2. When you lose weight through changing your eating habits, you also need to focus on some strength training. Why? Because building/keeping your lean muscle mass is what in turn helps your body burn more calories. You can lose weight without this, but you will be also losing some lean muscle mass at the same time. To minimize it, you need to do strength training (weight lifting, resistance bands.. something.. and it can be done at home!). Cardio exercise also burns burns off some calories (walking, running, treadmill, workout DVDs, etc). You basically want to take in less calories than you are burning each day. Losing weight is 80% diet, 20% exercise. Getting some good exercise habits going will also help you maintain your new you when you get to your goal. A good place to get started tracking what you are eating & figuring out how many calories you need to lose weight might be here: Sparkpeople.com - and it is free!

3. You do not have to jump in and do everything at once! Take small steps if you want to adjust. Maybe start drinking water instead of soda (whoever you got that from was right!) - you need at least 64 ounces of water per day - it helps flush everything out of your system. Not staying hydrated can hamper your weight loss effort. Then maybe focus on smaller portion sizes when you eat, etc.
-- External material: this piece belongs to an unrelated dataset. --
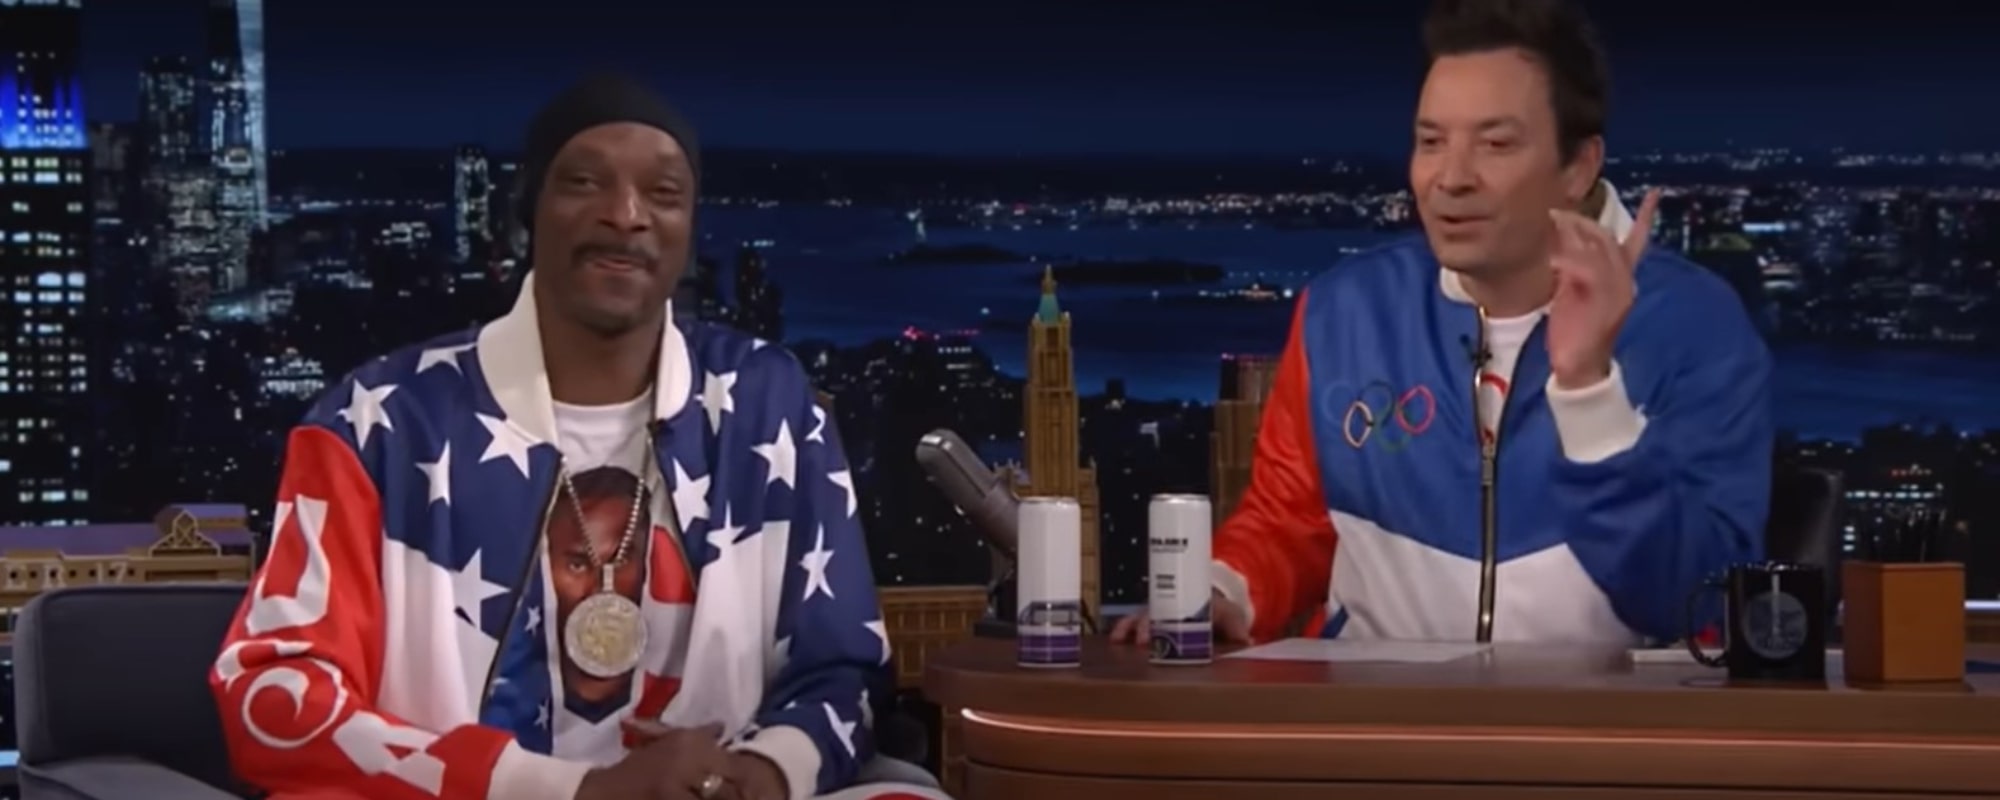 Snoop Dogg Reveals What ‘The Voice’ Fans Are Going To Learn About Him as a Coach

4. Counting calories might be the way you want to go here - it is flexible and most places like fast food restaurants have a nutrition guide if you ask for one that will tell you how many calories are in their food. I don't recommend fast food while losing weight though - all you have to do is look at one nutrition guide from those places and you will see why!
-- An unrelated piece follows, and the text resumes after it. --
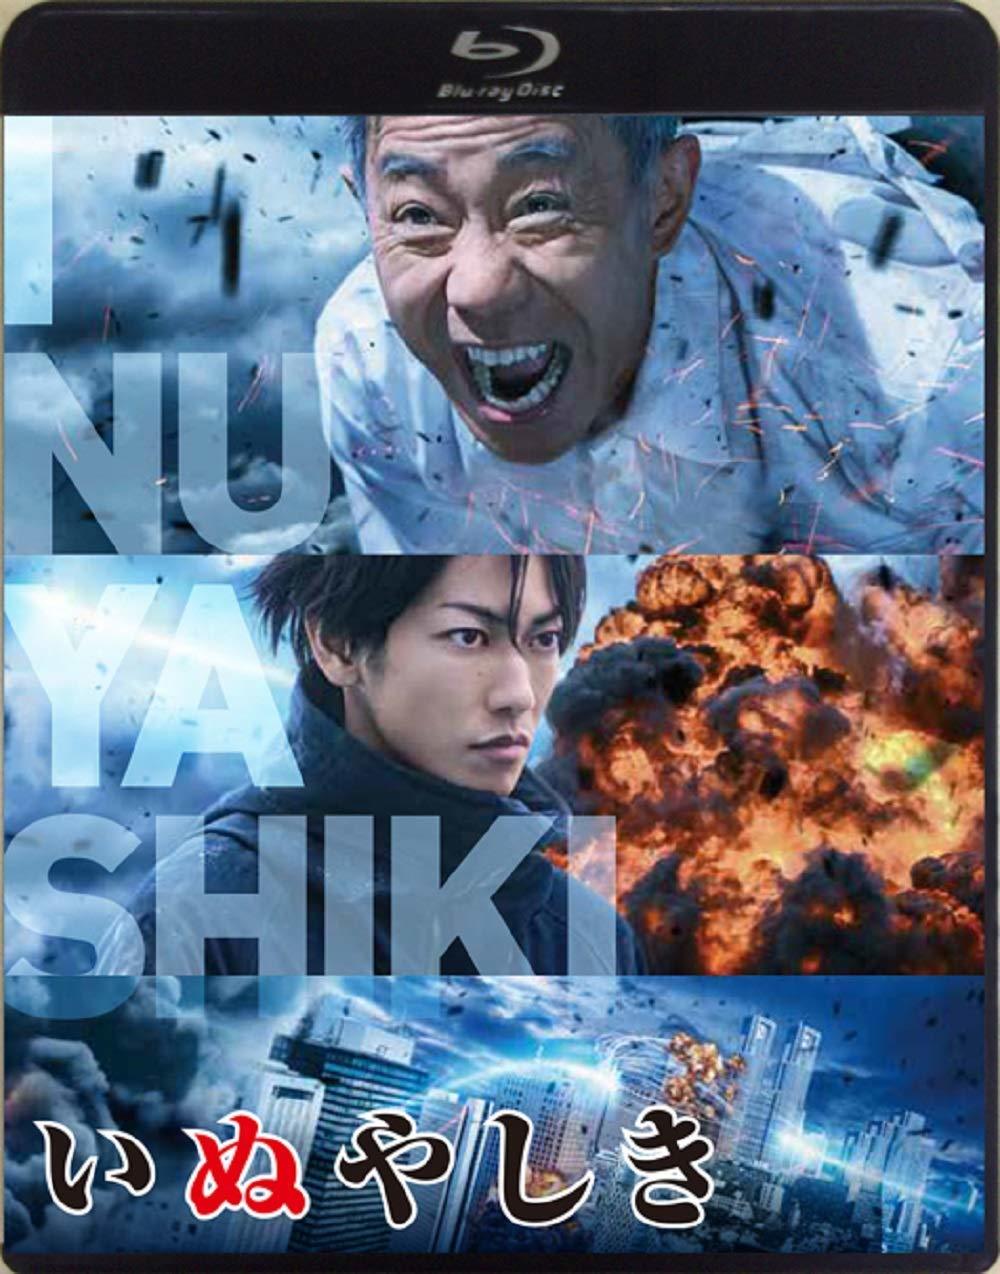 INUYASHIKI - COMPLETE TV SERIES+LIVE ACTION MOVIE JAPANESE ANIME WITH  SUBTITLED
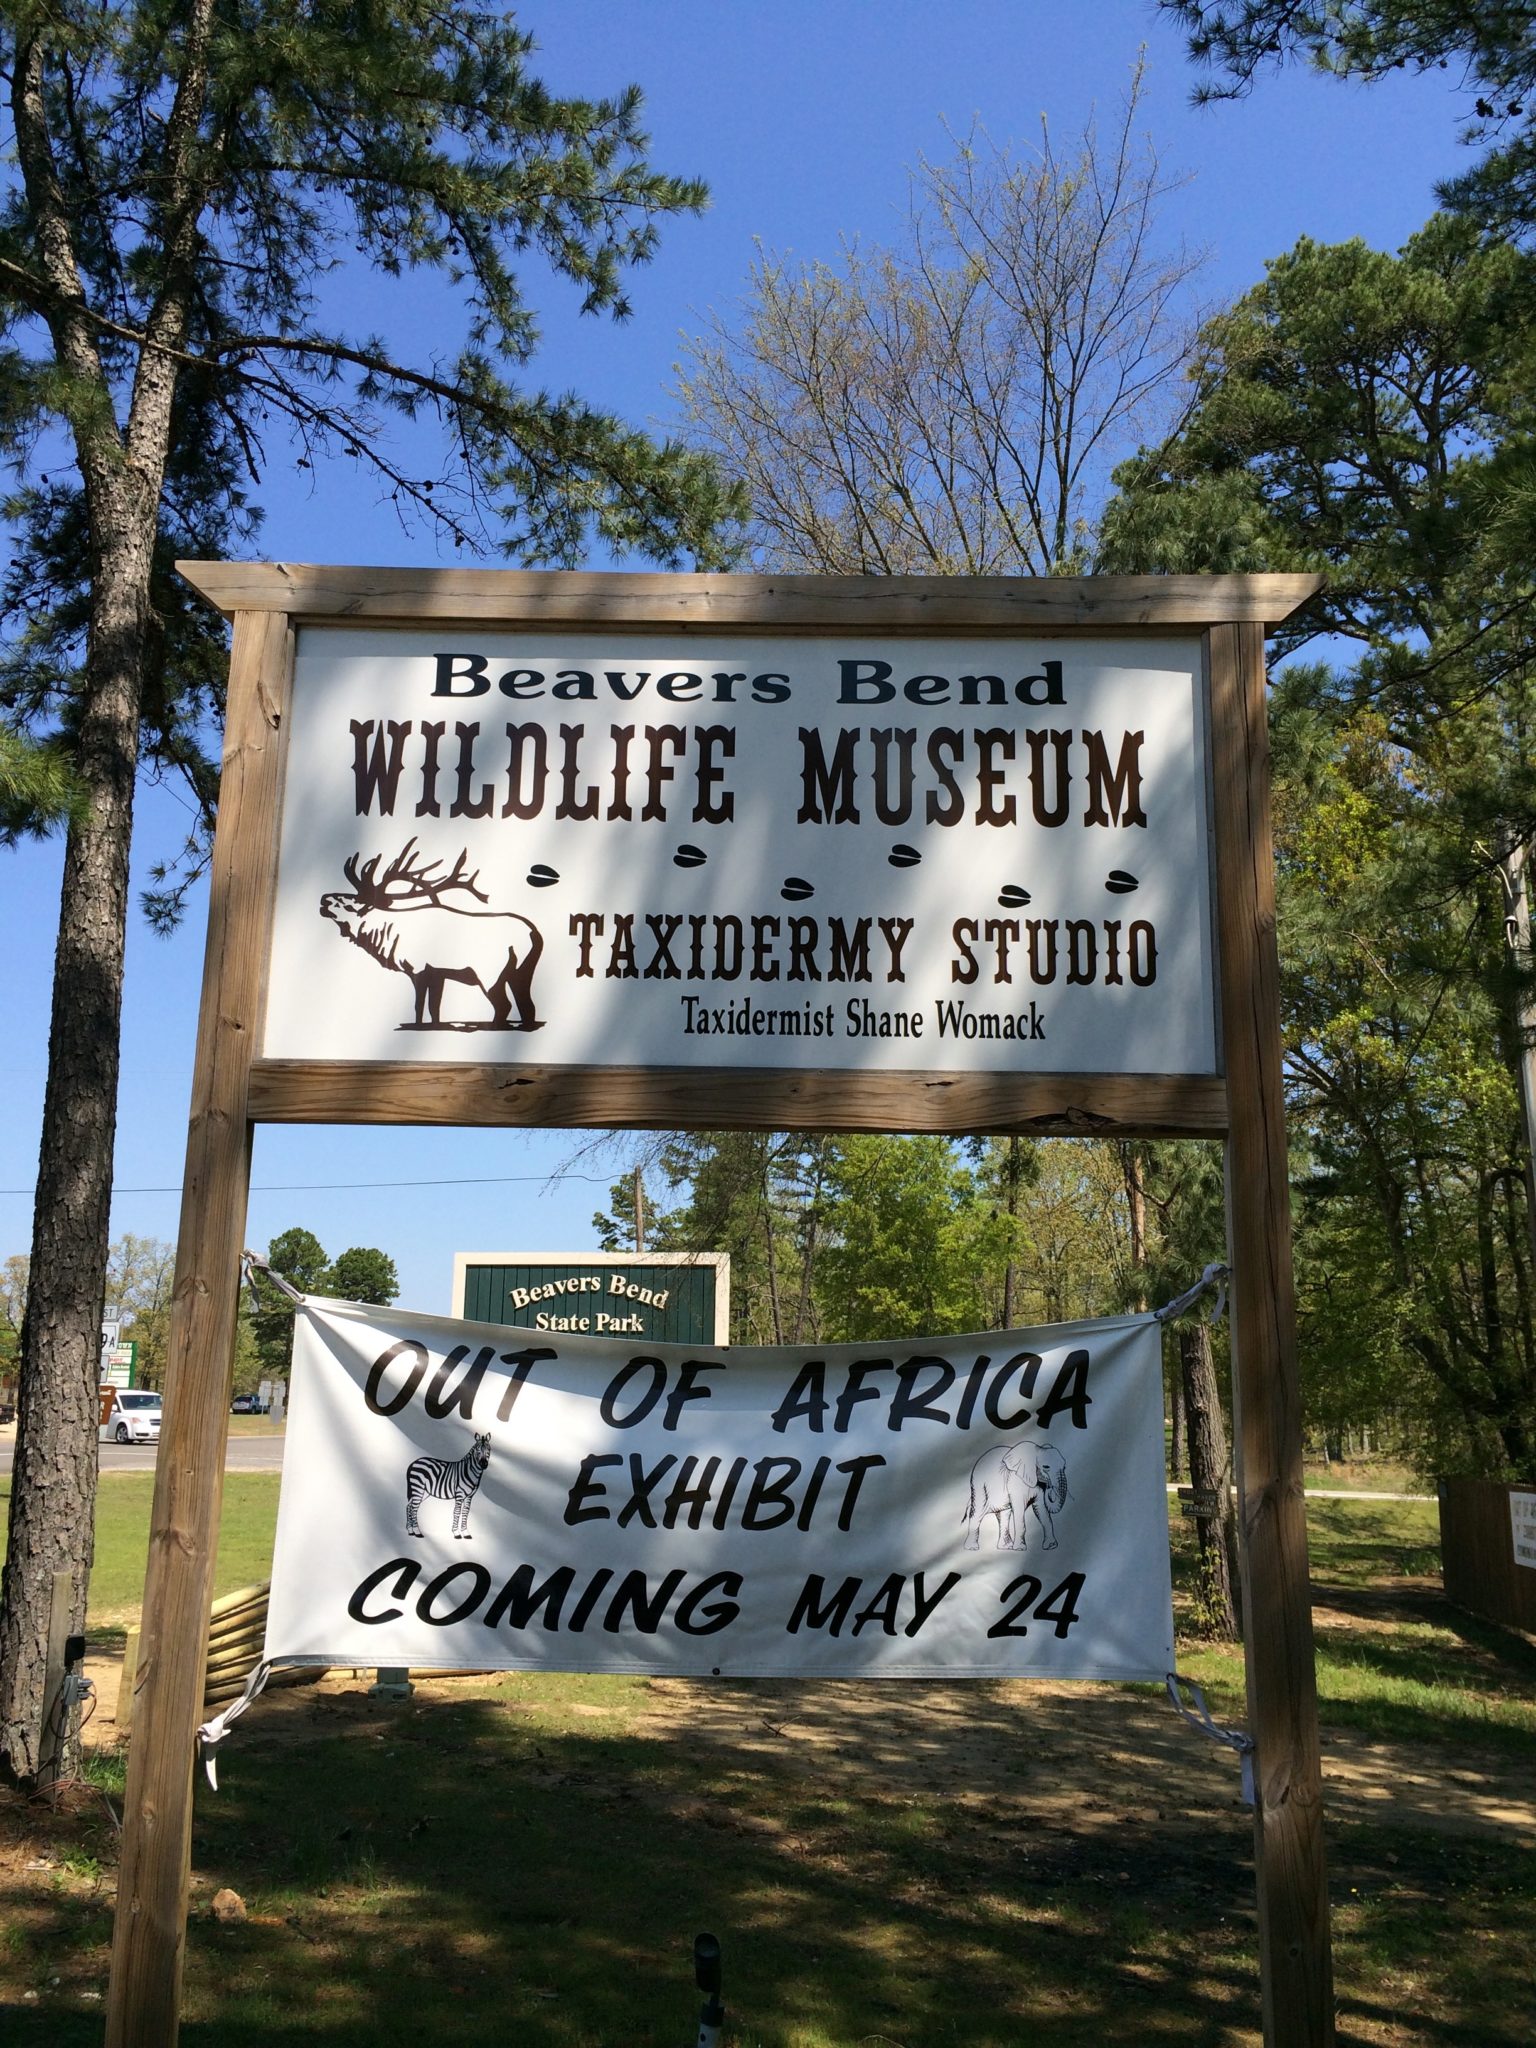 Visit the Beavers Bend Wildlife Museum and enjoy their large taxonomy collection.

If you don't want to spend time tracking food and counting calories, there is something you can do that is a little easier. There is another book "Body for Life" by Bill Phillips that has virtually the same principles as the book I mentioned earlier.. but it does not focus on counting calories. Both plans will have you eating 6 smaller meals each day.. that will keep you from getting hungry

The basic idea is (in case you want to start doing something right away):

Every day eat 6 portions of protein and 6 portions of good carbohydrates. A "portion" would be about the size of your clenched fist for good carbohydrates & vegetables, and about the size of a deck of cards for your proteins. You will also add a vegetable portion to two of your meals each day. Eat 6 small meals spaced about 2-3 hours apart. You can find a list of foods here:

http://bodyforlife.com/nutrition/foodlist.asp

And, on the Body for Life plan you get one day a week as a free day. Eat anything you want that day.

5. If you don't like any of the above, you can always put together your own type of easier calorie counting using prepackaged frozen meals you can find at the grocery store - things like Weight Watchers Smart Ones meals, Lean Cuisine meals, Healthy Choice, etc.

6. You will obviously have to enlist the help of whoever buys the groceries & cooks the meals in your house. I bet whoever that is would be happy to help out, though!

Most importantly, put together something you can live with. You don't have to use one specific program - there are many, many ways people lose weight - customize something you can do and that fits you.

Lastly, you have to want it. You have to put all the excuses aside & just do what needs to be done - no temporary taste in your mouth will be as good as looking in the mirror a few months from now each and every day and being proud of what you see. Losing weight is also 99% mental.

And now I have written my own book and I really hope it makes some sense. LOL! I want to see you succeed - I often wish I had known what was in that first book I mentioned a long, long time ago. Good luck to you and remember to ask questions here - everyone is very helpful!

Last edited by HotWings; 08-20-2009 at 01:44 AM.